I didn’t smoke or drink, but I surrounded myself with others who did. Most of my, outside-of-school friends, did a little of anything you could think of. It was my way of riding the line, testing myself, and trying to prove that I was better than her… my mother. In some kind of sick and twisted way, I felt that if I could be around all of this nonsense and not get into anything, that it was confirmation that my mother was purposely choosing to be sick, to stay in her bondage, and that meant I had a choice too. If I could pass my own ridiculous test of exposure to temptation with all my trauma and tough days, that meant my freedom was, in fact, my choice, and I’d win the war against my life. You know, the one society says you are nearly doomed to fail if you come from a highly dysfunctional family with little to no support in a non-inspiring environment? Well, that war could be won if I’d simply past those tests.
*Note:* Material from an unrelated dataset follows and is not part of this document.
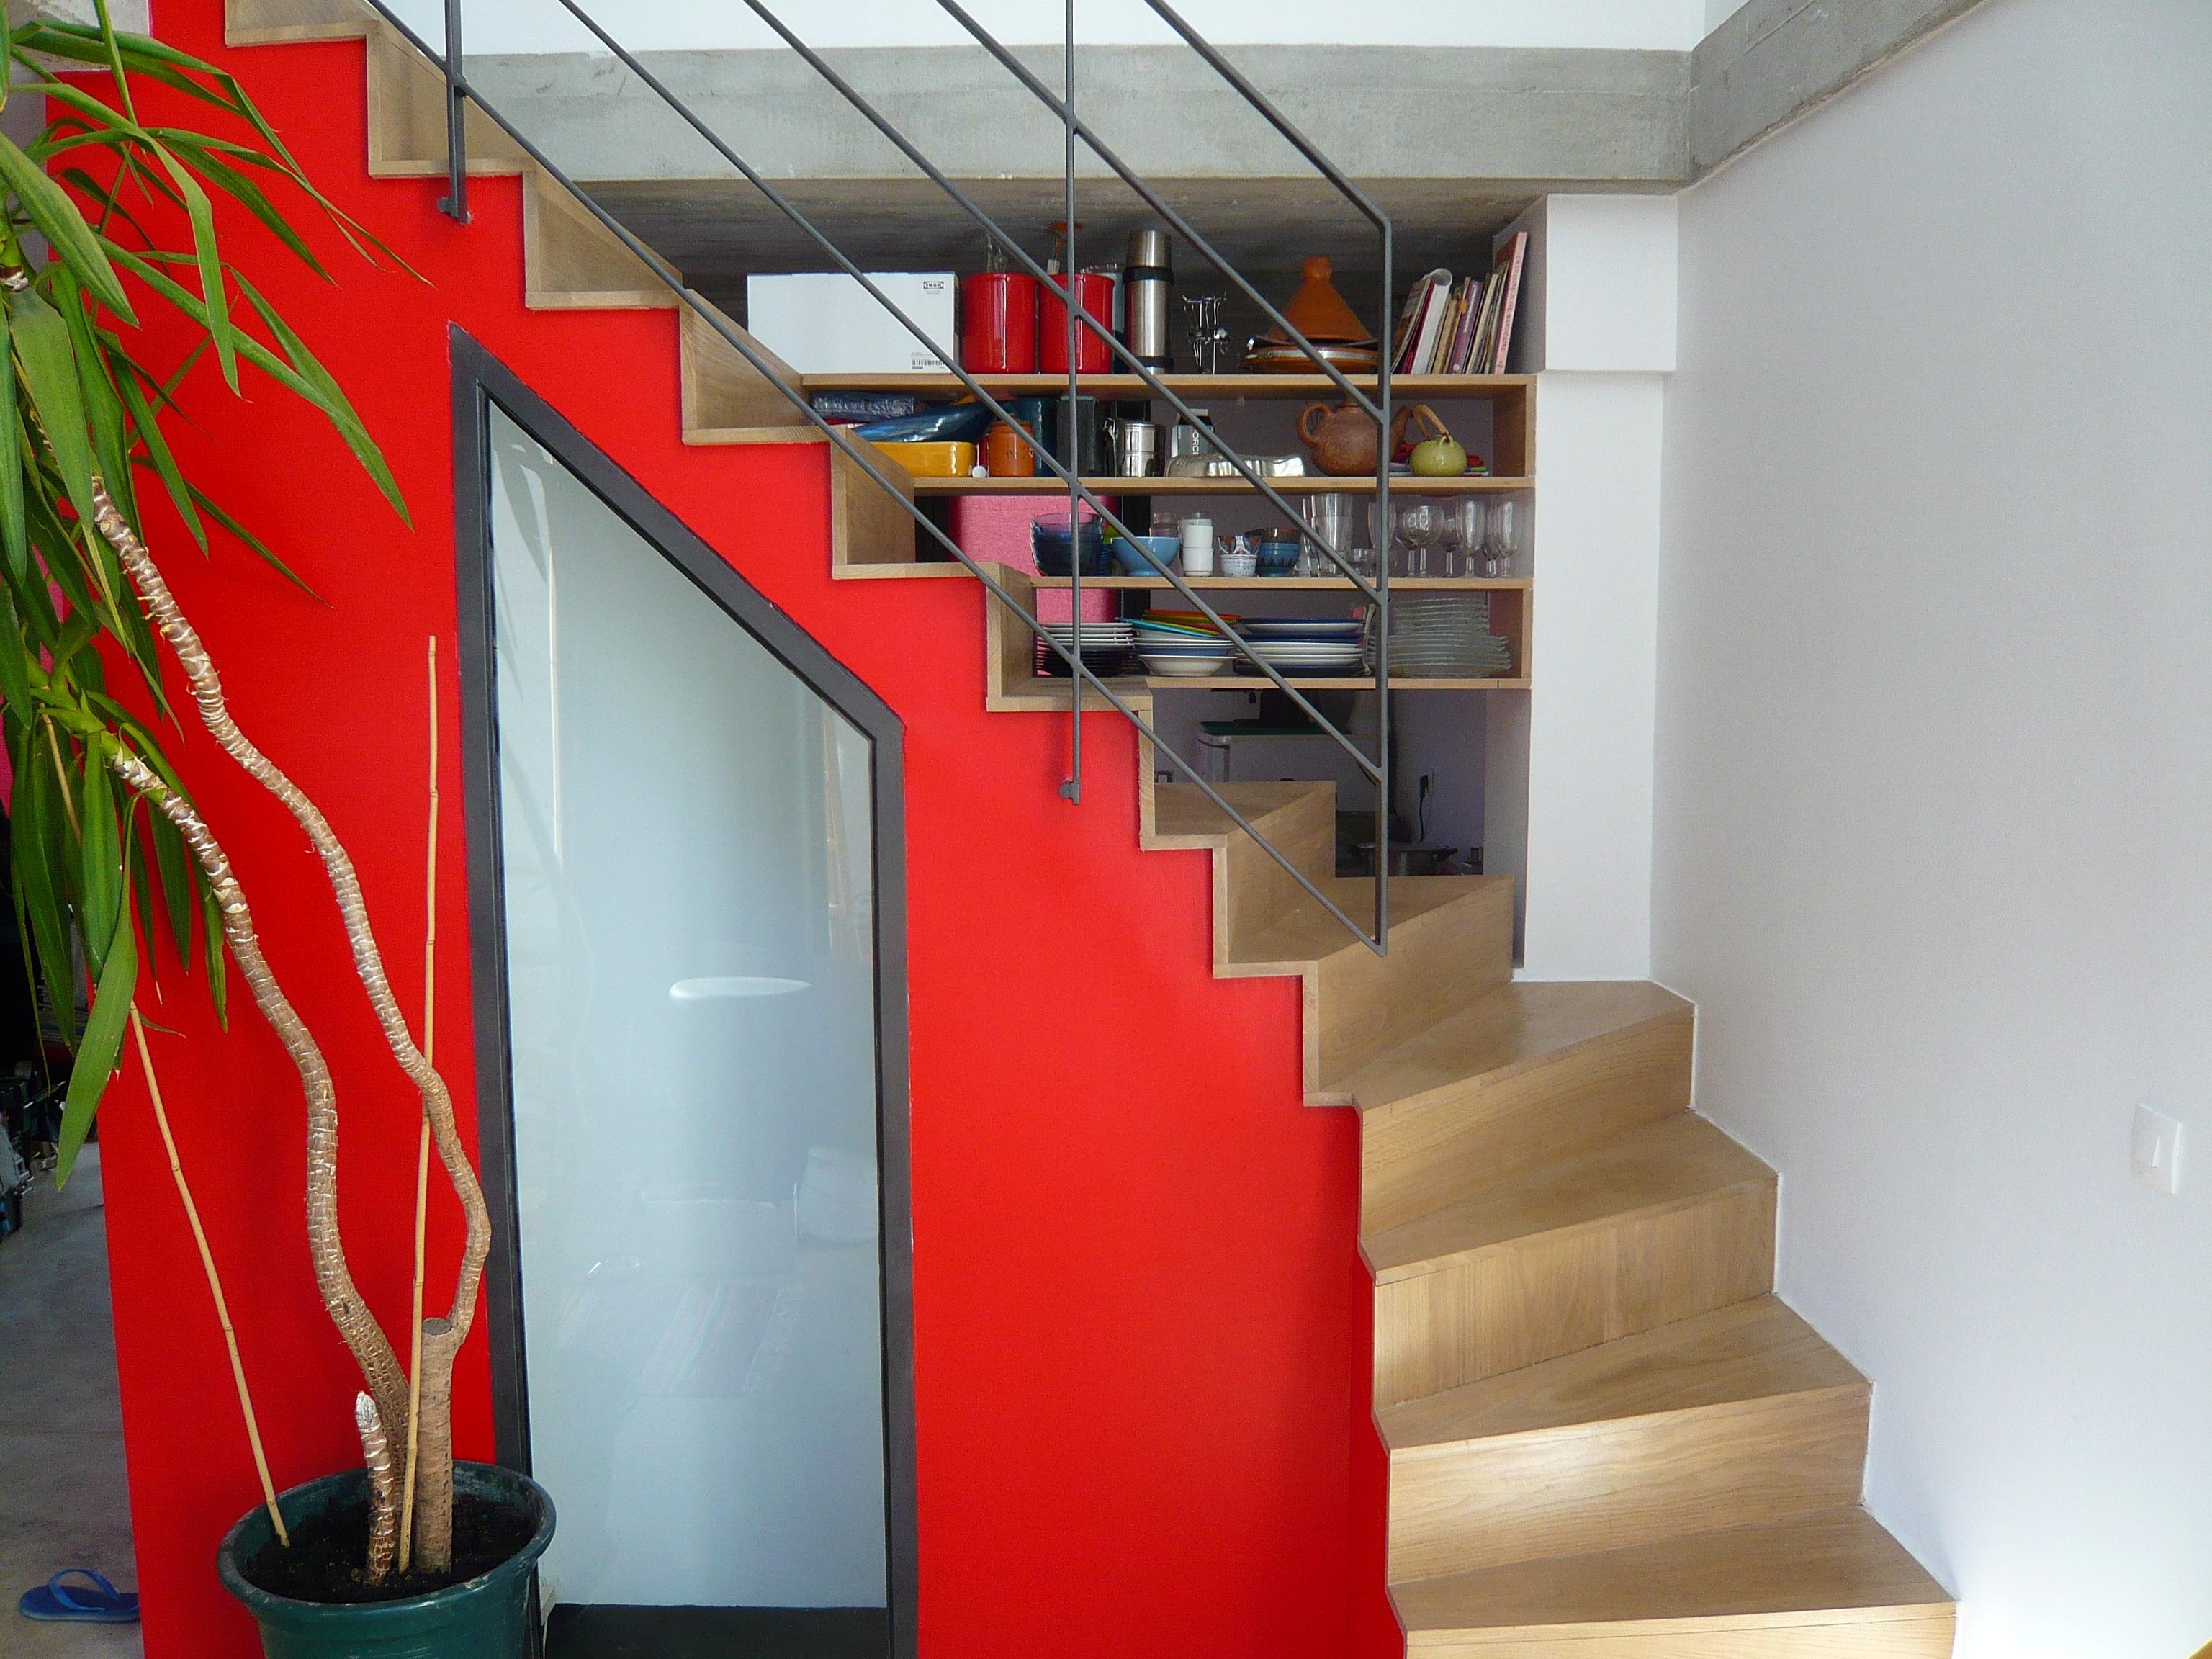 cuisine + escalier Montreuil1024

If I’m honest, it was the reason I tested those couple of “sex on the beach” drinks. It’s also why I tested weed the day I so comically tried to take a few puffs during a cypher with my junior year boyfriend. I truly wanted to inhale correctly but couldn’t. I coughed and choked everything up and almost vomited. It’s hilarious now, but it was clearly my way of testing my warped version of battleground training — self-limiting belief mixed with a bit of ignorance at its finest.
Was it all in my head? The feeling of needing to vomit. Sure it was… I was subconsciously protecting myself with these psychosomatic reactions, but of course, I didn’t know that then. To this day, I can’t be around smoke of any kind for too long, and I can barely handle more than two glasses of wine without feeling like I’m losing control. Is it in my head? Sure it is. Do I understand that it’s my way of protecting myself, even after years of therapy and being in safe places with safe people? Of course. Do I do it anyway? Yup. My rebellious ways weren’t just about my mother and definitely didn’t stop with testing myself around drugs and alcohol. My story was littered with a pound of daddy issues too.